Will you output all of the data below exactly, omitting the images?

*** Provided data Section Begins ***

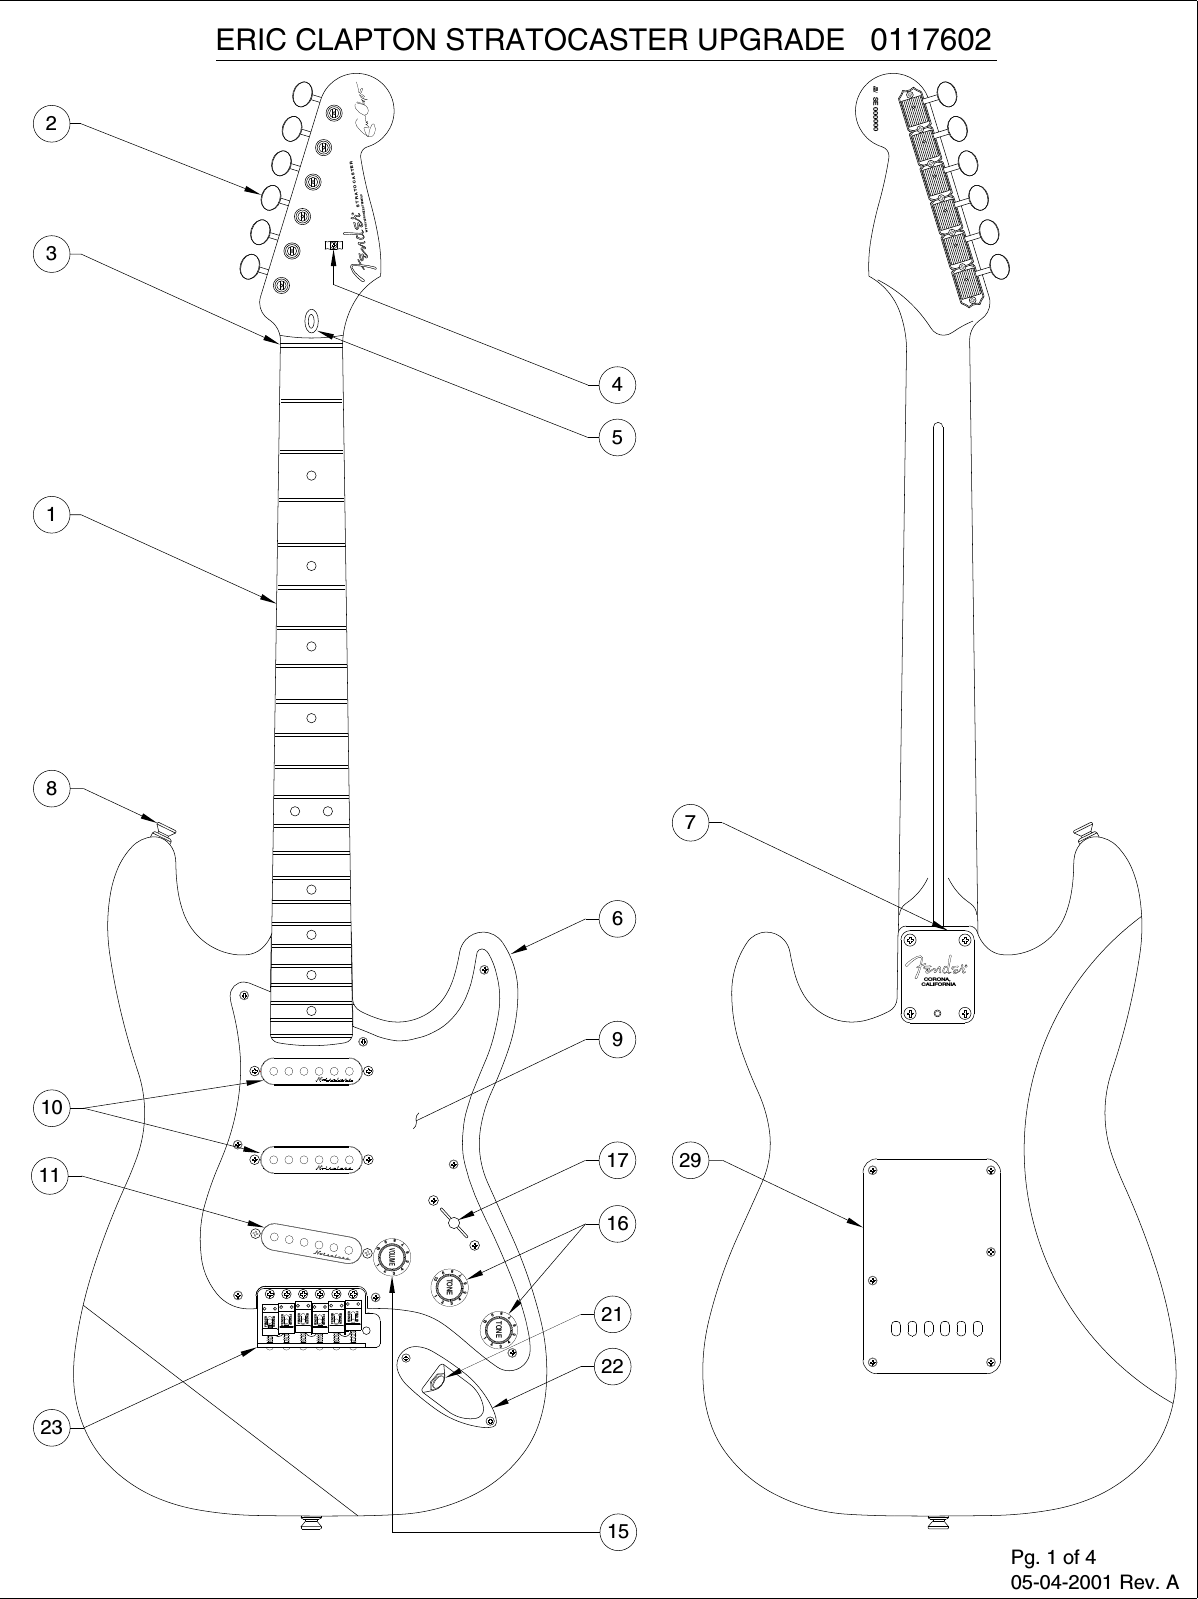 Eric Clapton Strat Wiring Diagram from usermanual.wiki
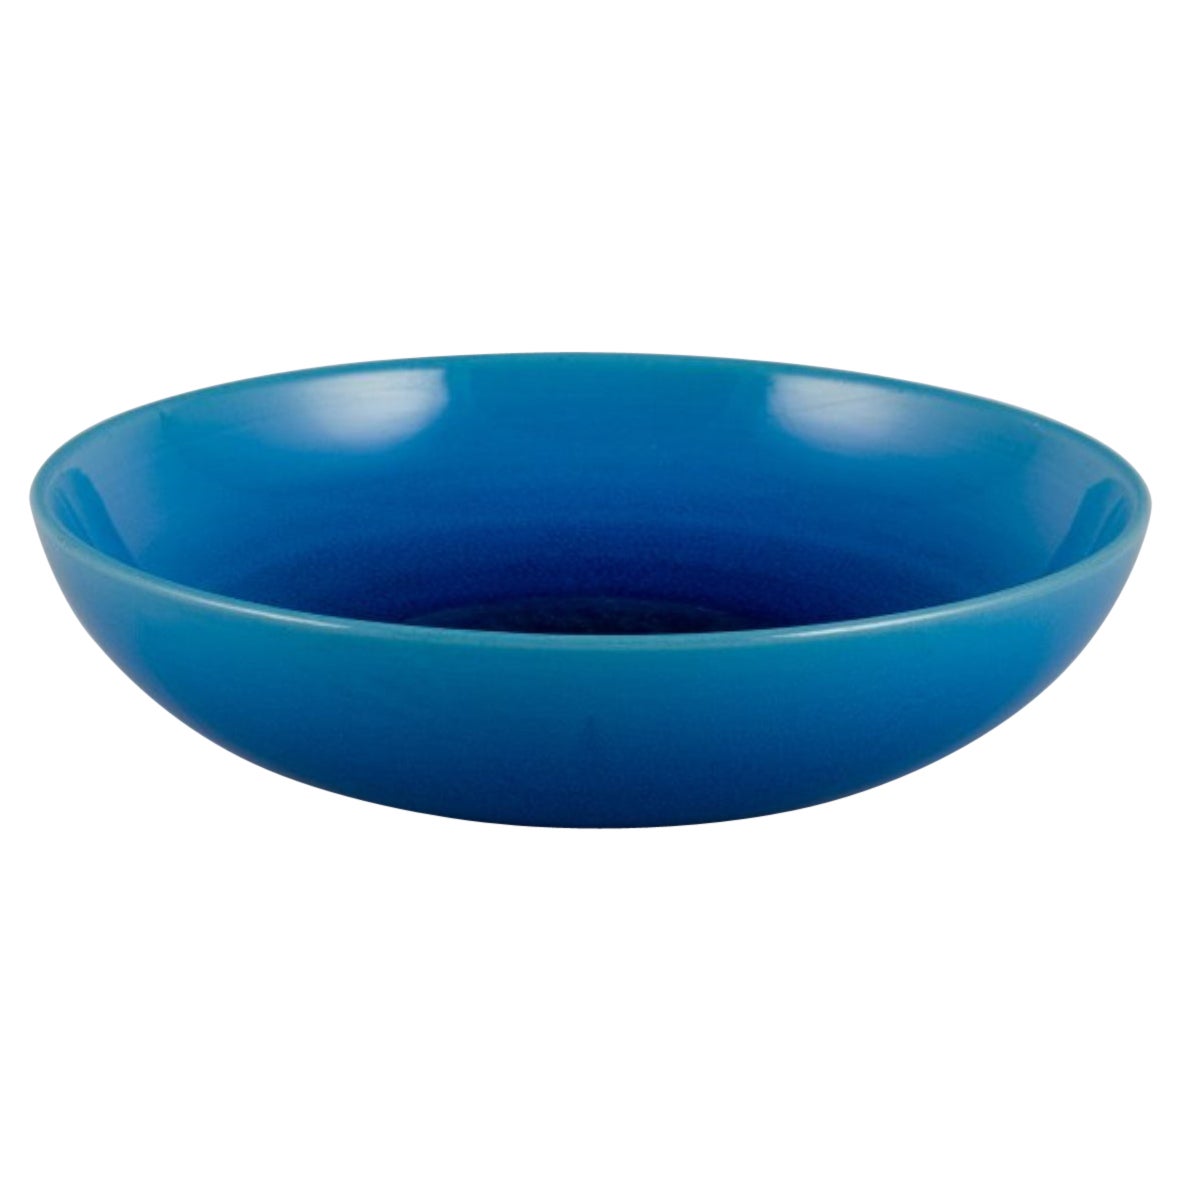 Carl Harry Stålhane for Rörstrand. Ceramic bowl in turquoise glaze. For Sale
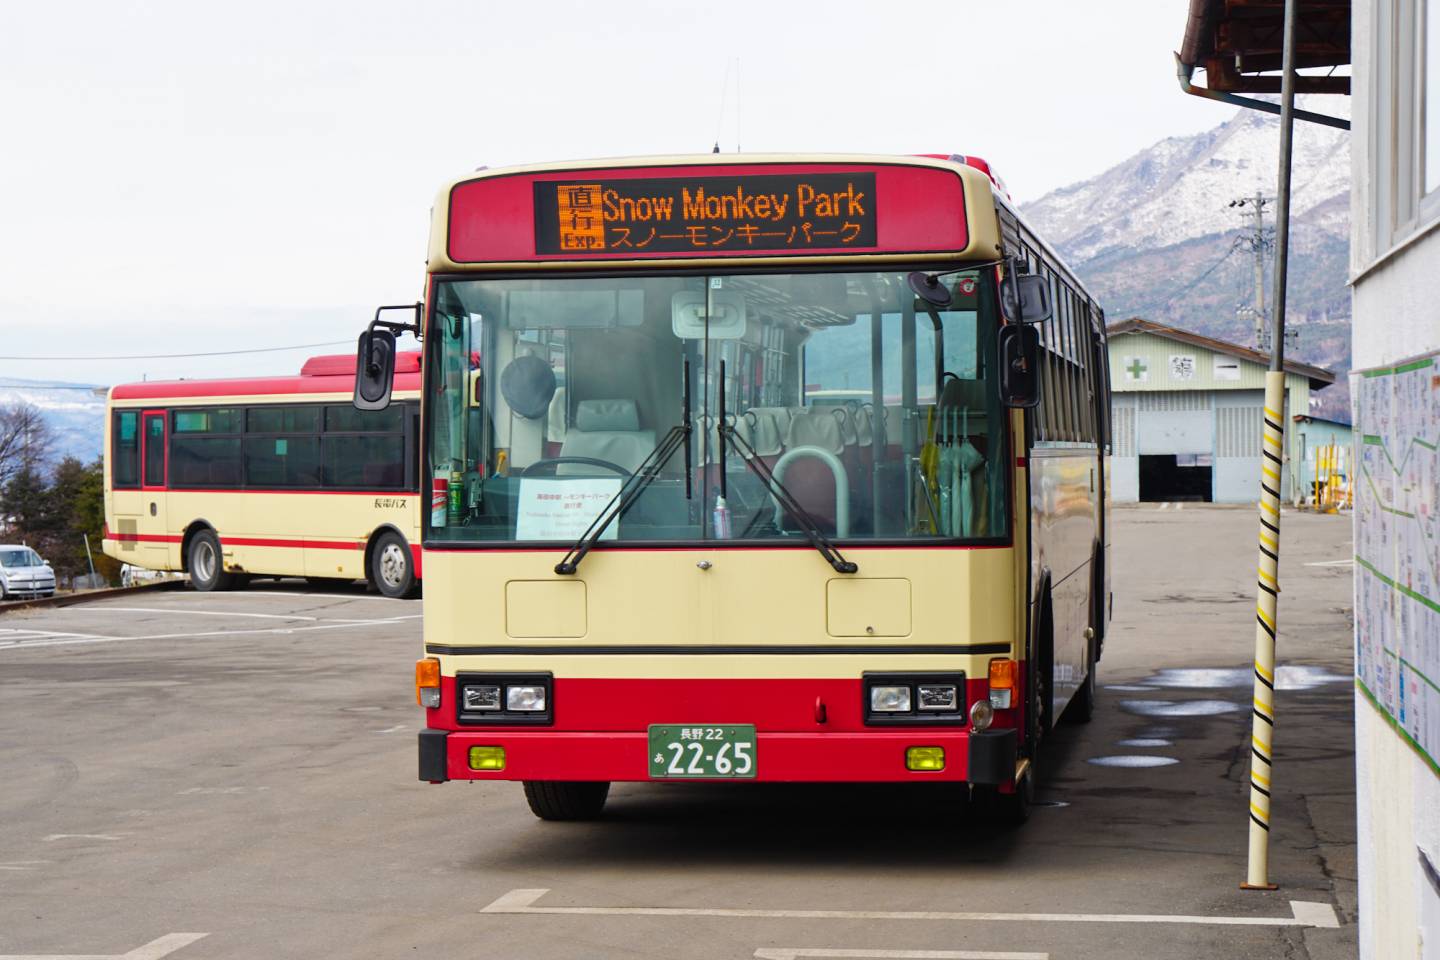 "Snow Monkey Bus"

*** Provided data Section Ends ***

> [Output for this exercise]
 Eric Clapton Strat Wiring Diagram from usermanual.wiki
 Carl Harry Stålhane for Rörstrand. Ceramic bowl in turquoise glaze. For Sale
 "Snow Monkey Bus"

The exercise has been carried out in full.